The acquired data does not allow for the determination of a consistent individual marker for the individual milestones when considering all three investigated seasons for the different stages of sweet cherry bud dormancy and ontogenetic development. The total phenol content generally decreases significantly after reaching the milestone SB (Supplementary Figure S2). In the same context, it was shown that the beginning of ontogenetic development was related to a steadily rising water contents in the buds, induced by steadily increasing air temperatures above the freezing point. Here, water content in the bud could be presented as a simple but very effective marker to define t1* [2]. Therefore, the content of total phenolic compounds was related to the water content of the buds for the phenophase t1*–OC, resulting in high negative correlation values (R2 = 0.84–0.91, Figure 2D). Rising water content seems to facilitate the dilution of the phenolic compounds.

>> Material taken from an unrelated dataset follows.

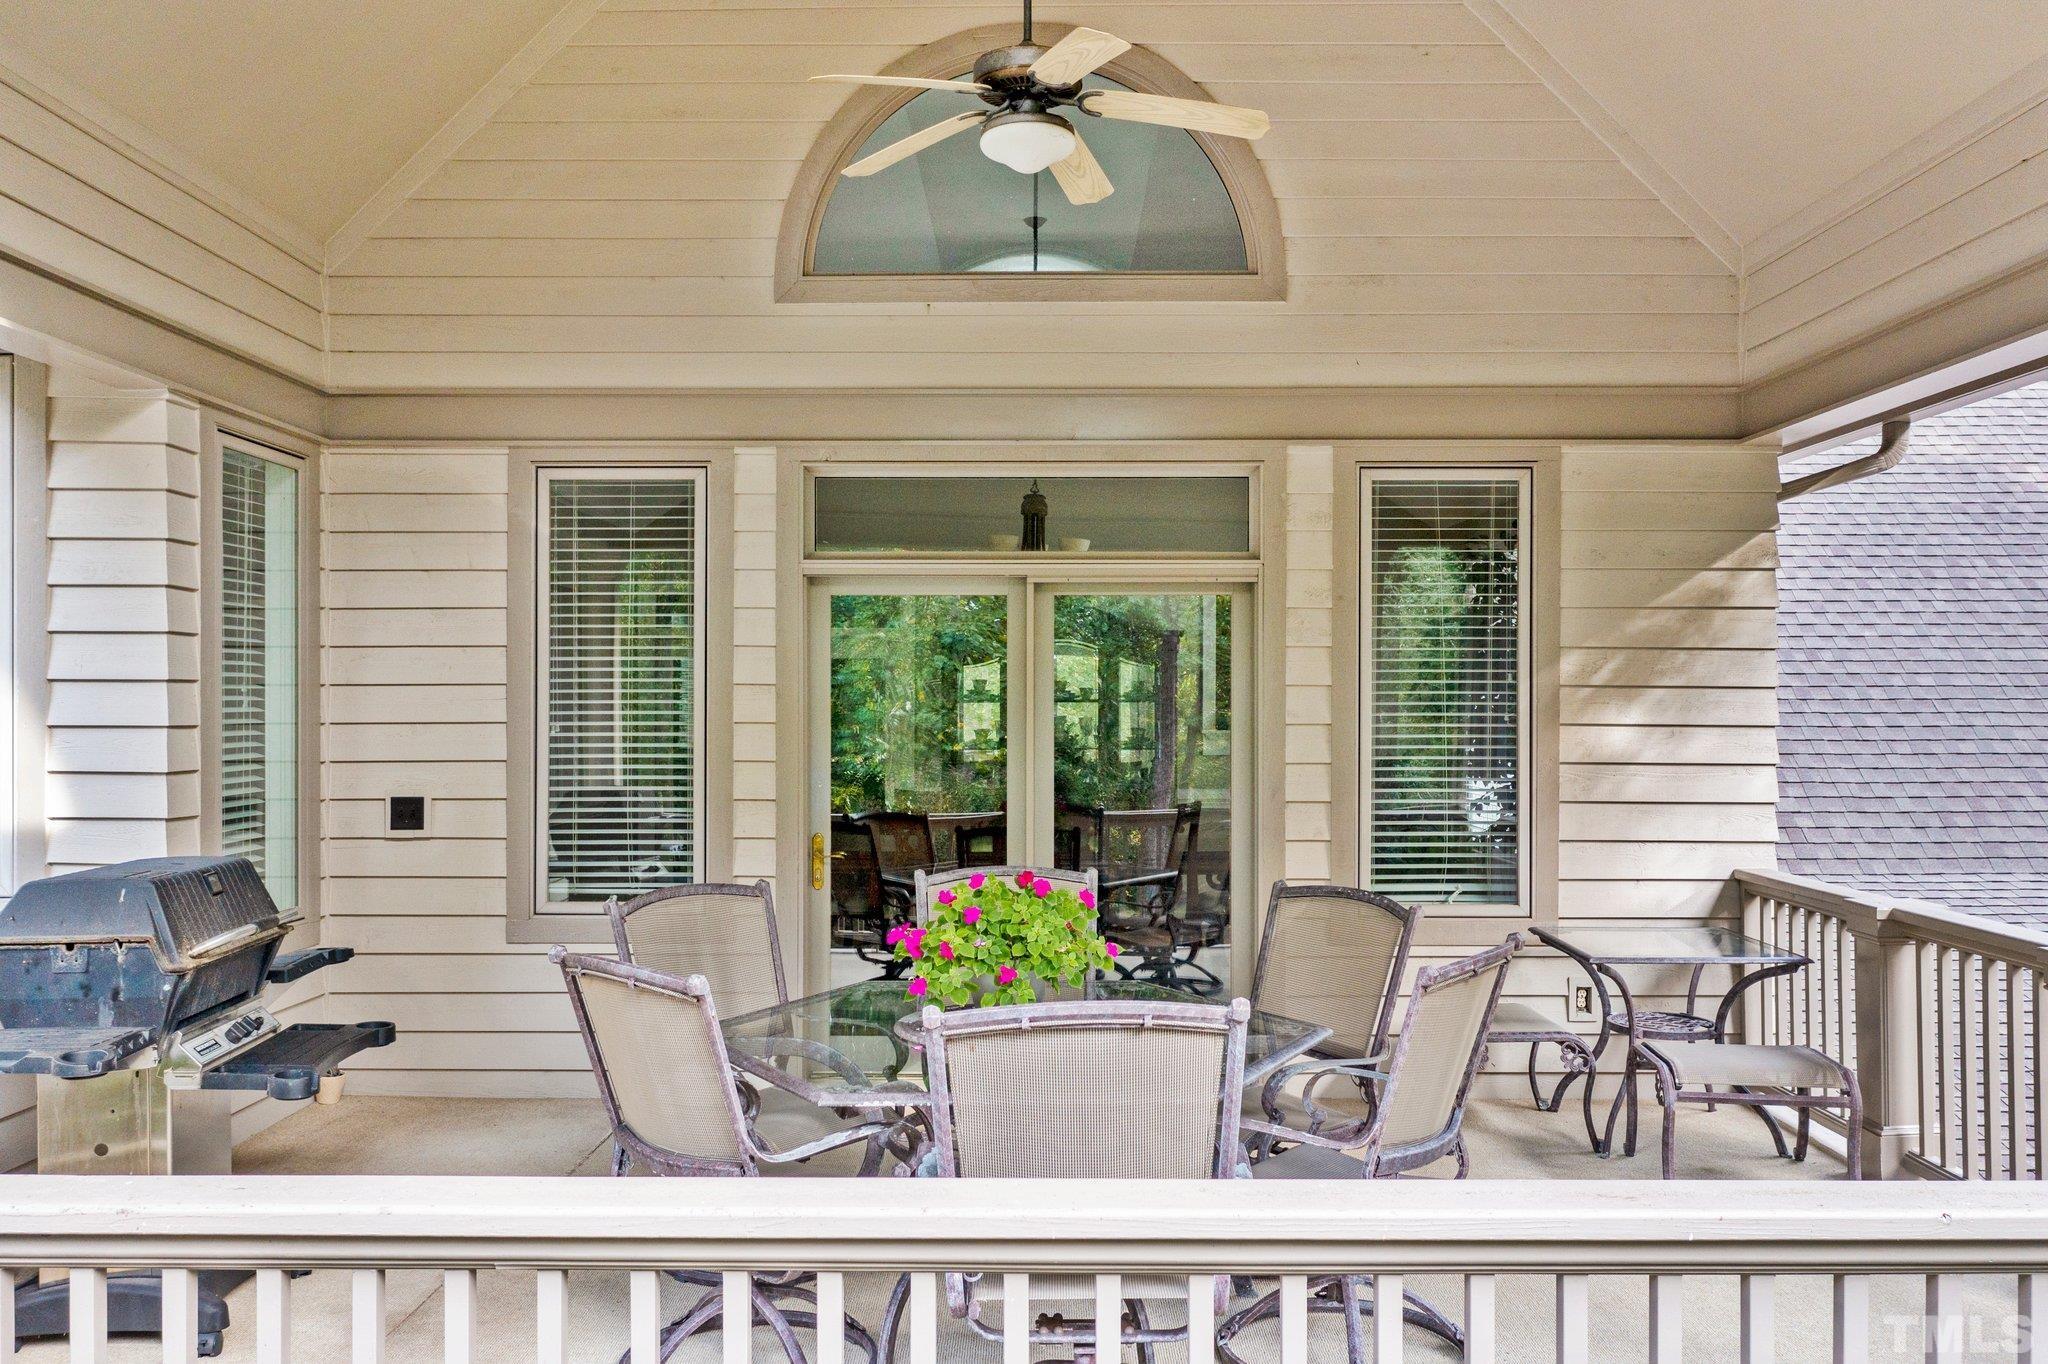 Step out of your dining room onto the porch with the sounds of nature and the peace that comes with privacy.

In summary, the results from this section document the de-accumulation of phenolic compounds (transport, metabolism, degradation) until the end of dormancy (t1), after which a long period of constancy can be observed until t1* followed by a final phase of further decrease to the phenophase OC, correlating with increasing water content. Catalase, l-ascorbate peroxidase and peroxidase were identified to be closely-involved in oxidoreductase activities [5]. The decomposition of H2O2 by catalase and peroxidase seems to be relevant in the context of the redox reactions involved in the transition of the endodormancy phases [5]. The decomposition of hydrogen peroxide to water and oxygen may protect the cell from oxidative damage by reactive oxygen species. On the other hand, the phenolic compounds may interact with their strong antioxidative properties in a similar way, partly explaining their decrease in the first phase (S1–LF). Later, after reaching t1*, the increasing water content may increase the concentration of solved phenolic compounds and facilitate their dilution.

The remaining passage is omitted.